I was making a release today to one of my servers at Joyent. As part of the release I ran a short script written in Java. Java complained that it could not allocate memory to create a JVM! This is a bad sign on a production system. After some poking using top and the much more useful (on Solaris) prstat, I discovered that /lib/svc/bin/svc.configd was taking up 95% of my memory! It appears to have a memory leak.

I checked out the brief man page. It seemed pretty important so I was afraid to kill the process. Some googling around for a restart solution proved my fears baseless. It's OK to kill this process. It will restart by itself.

I killed svc.configd and it came back right away without incident. My memory was freed up.

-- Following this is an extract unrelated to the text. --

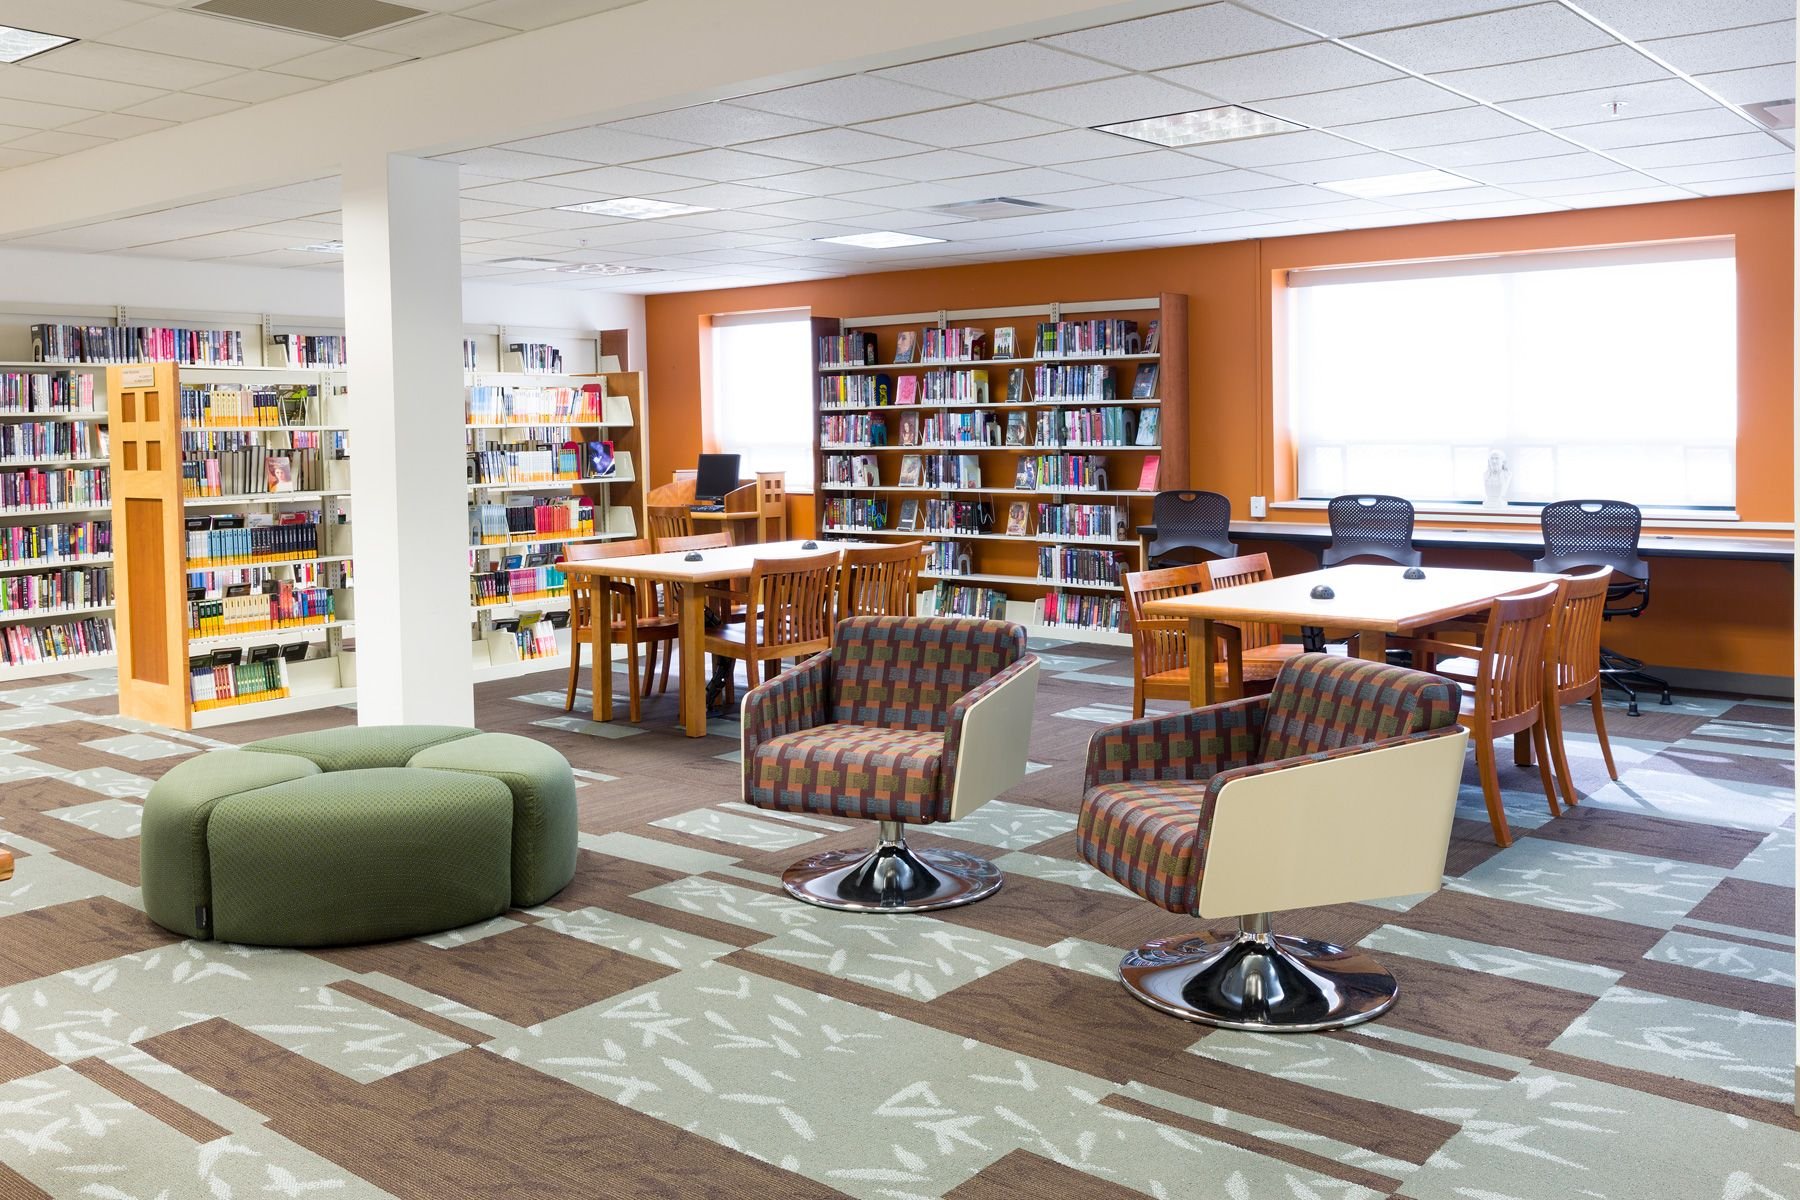 Дизайн библиотеки общественной. Библиотека мебель. Дизайн библиотеки в школе. Дизайн школьной библиотеки в современном стиле. Библиотека лаундж.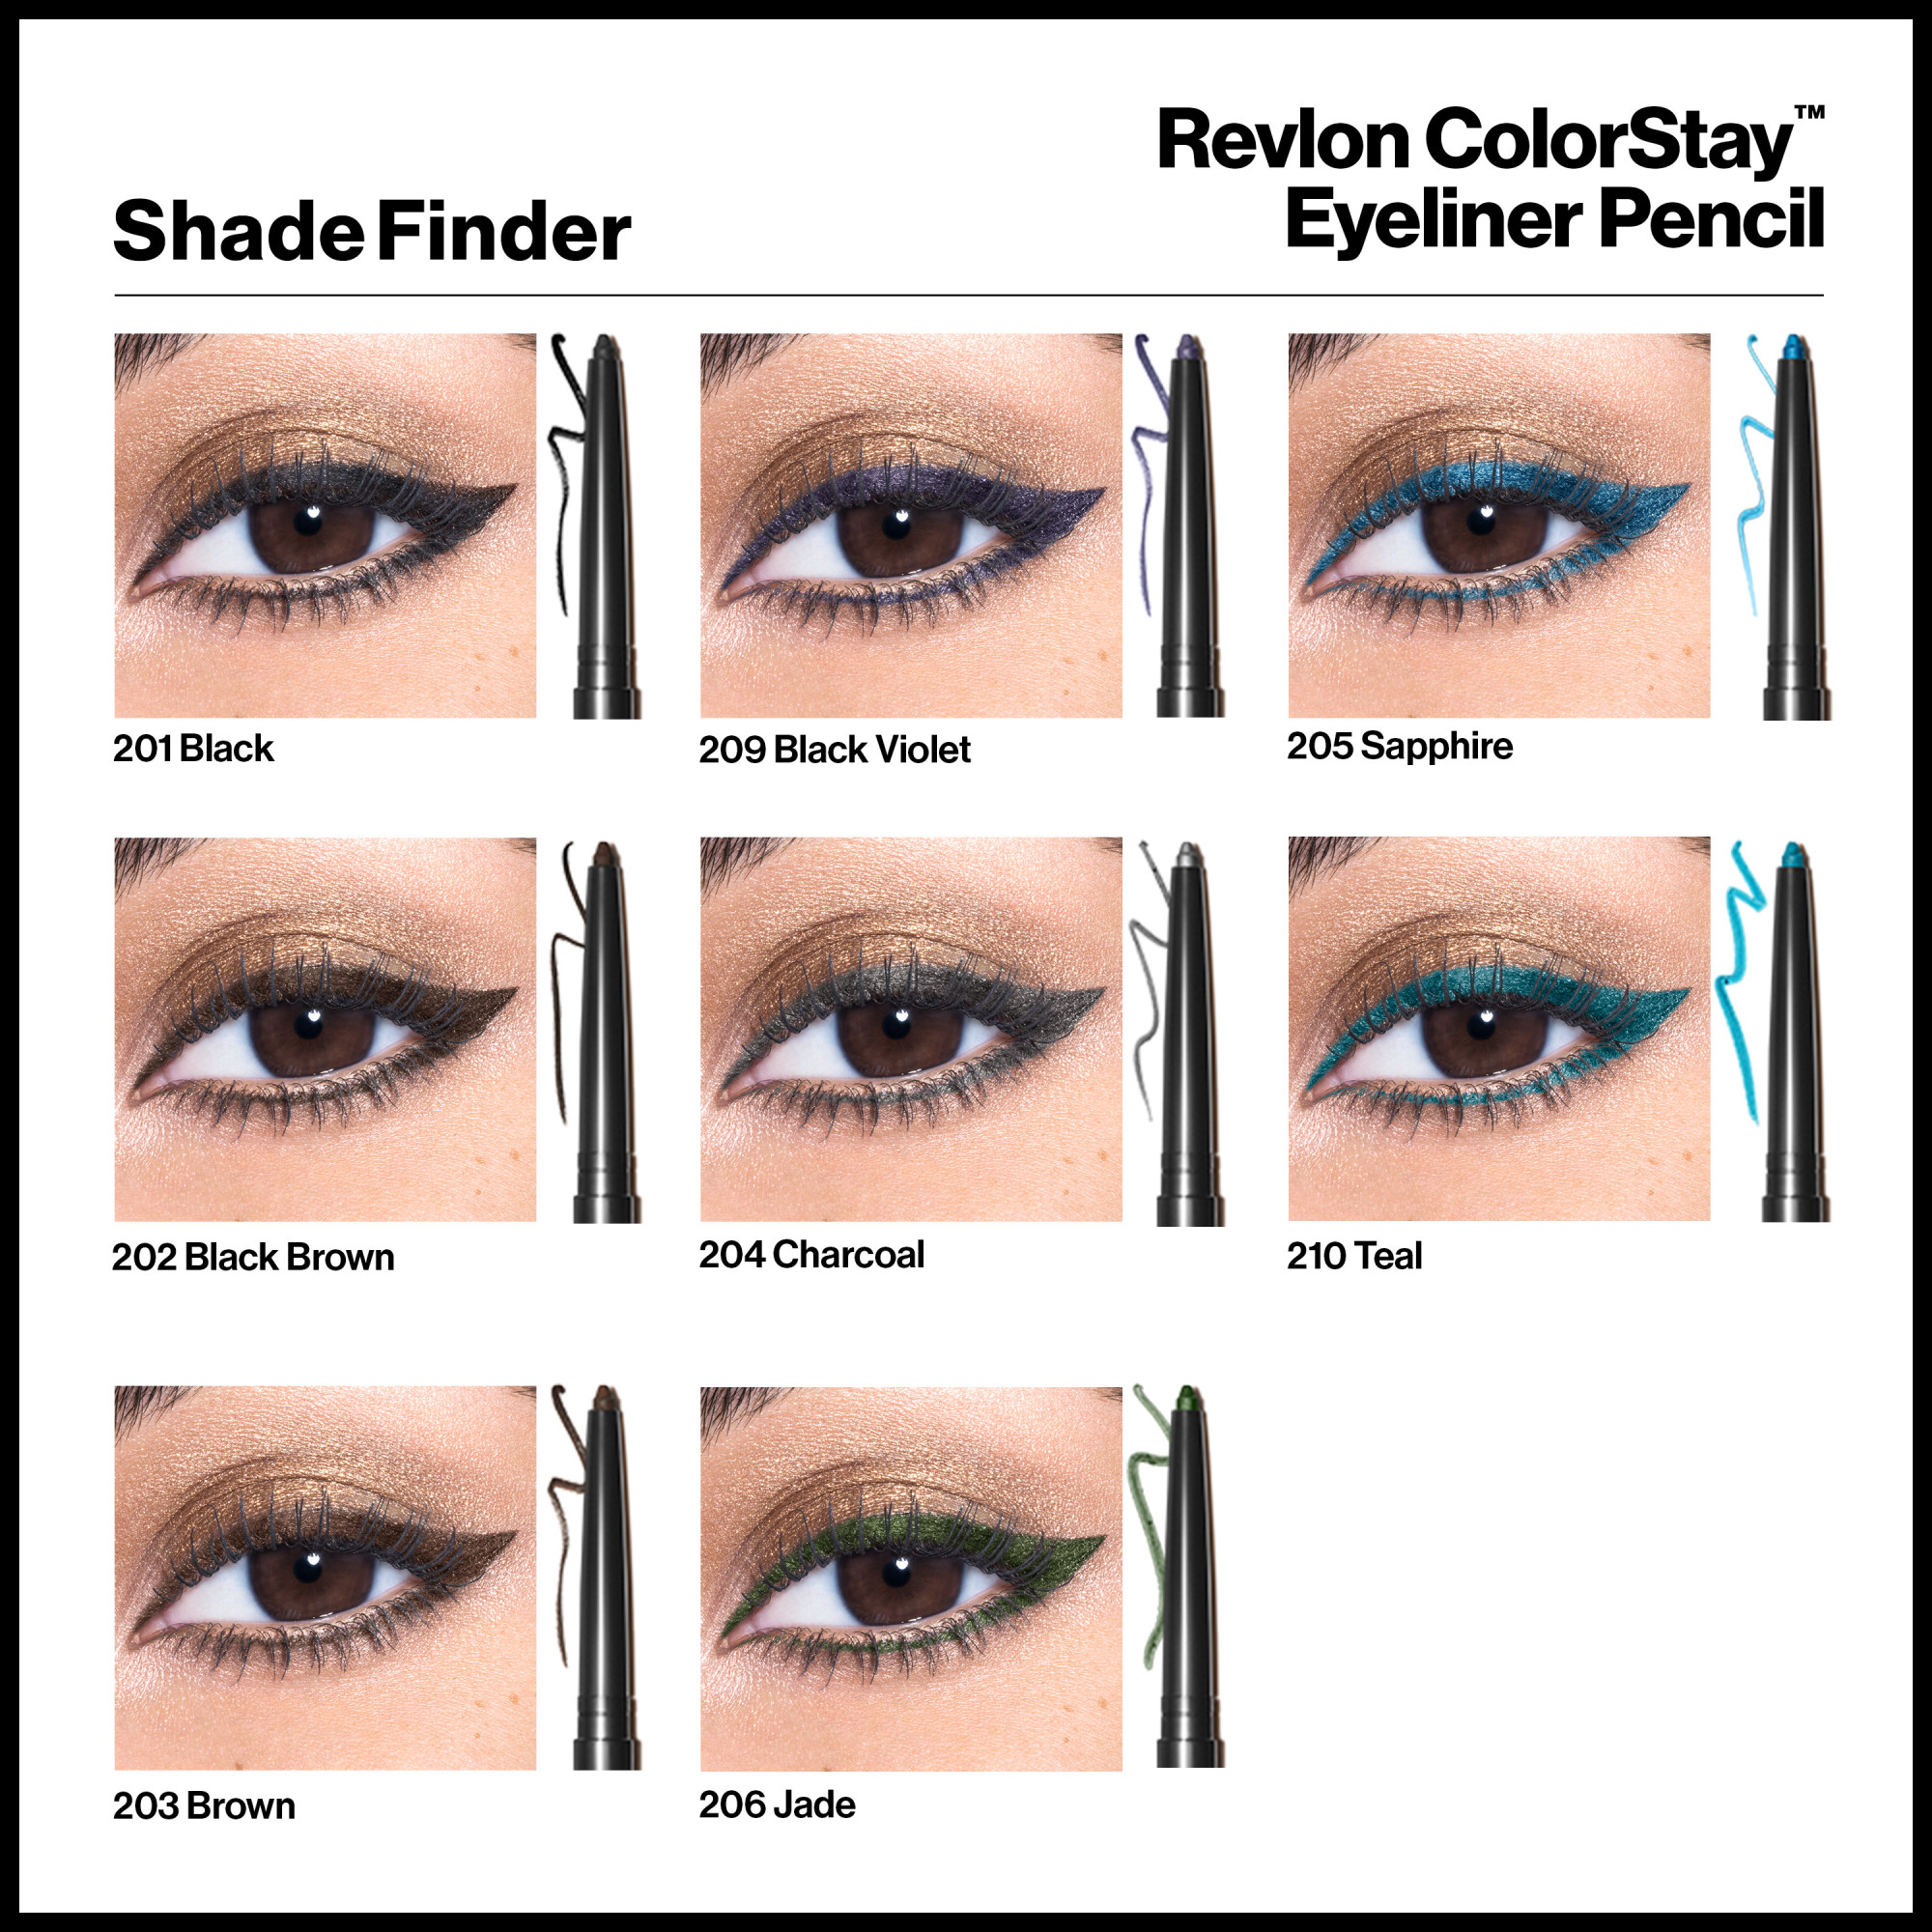 Revlon ColorStay Waterproof Eyeliner Pencil, 24HR Wear, Built-in Sharpener, 201 Black, 0.01 oz - image 8 of 8

Time to start monitoring memory usage on my opensolaris zones.

0 Votes
Most of the time we want web servers to run as fast as they can. There is one time we don't want this to be true: when there are stability issues on a back end service. For example, we're using a web service or database that crashes under load and we can't either throttle the use of this service or improve its ability to accept load. It's better to be up and slow than up and down. To solve this problem you can detune the connector configuration in Tomcat to reduce the number of threads processing requests.
  1. Edit tomcat/conf/server.xml
  2. Find the configuration for your connector. It will be in an element named Connector
  3. Set the maxThreads attribute to a smaller value. I used 50. This limits the number of requests that will be processed simultaneously and in turn reduces down stream load.
  4. Add an attribute for acceptCount if it is not already defined. I set this to 1000. This is the number of requests that we will allow to wait for a thread to free up. Tomcat will drop requests once this queue is full.
My Connector configuration looked like this in the end:
<Connector port="8080" maxHttpHeaderSize="8192"
               maxThreads="50" minSpareThreads="20" maxSpareThreads="40"
               enableLookups="false" redirectPort="8443" acceptCount="1000"
               connectionTimeout="20000" disableUploadTimeout="true" 
               compression="on" compressionMinSize="2048" noCompressionUserAgents="gozilla, traviata"
               compressableMimeType="text/html,text/xml,text/plain,text/css,text/javascript,application/x-javascript,application/javascript"/>
0 Votes

I've been doing a lot of experimentation with PostgreSql lately. It's a great database but since it's not as popular as MySql, a little more experimentation around the configuration ends up happening.

I was poking postgresql.conf quite a bit and restarting the server to apply the changes each time. I have actual production data now, though, so I can't do this any more. Luckily for all configuration parameters not commented as 'restart required', you can apply the config changes live. Just run this command as postgres:

pg_ctl reload  -D /var/log/postgres

0 Votes

As I mentioned in an earlier entry I'm using PostgreSql 8.3.3 at Joyent. It works great but the documentation is not as good as the ubiquitous MySql.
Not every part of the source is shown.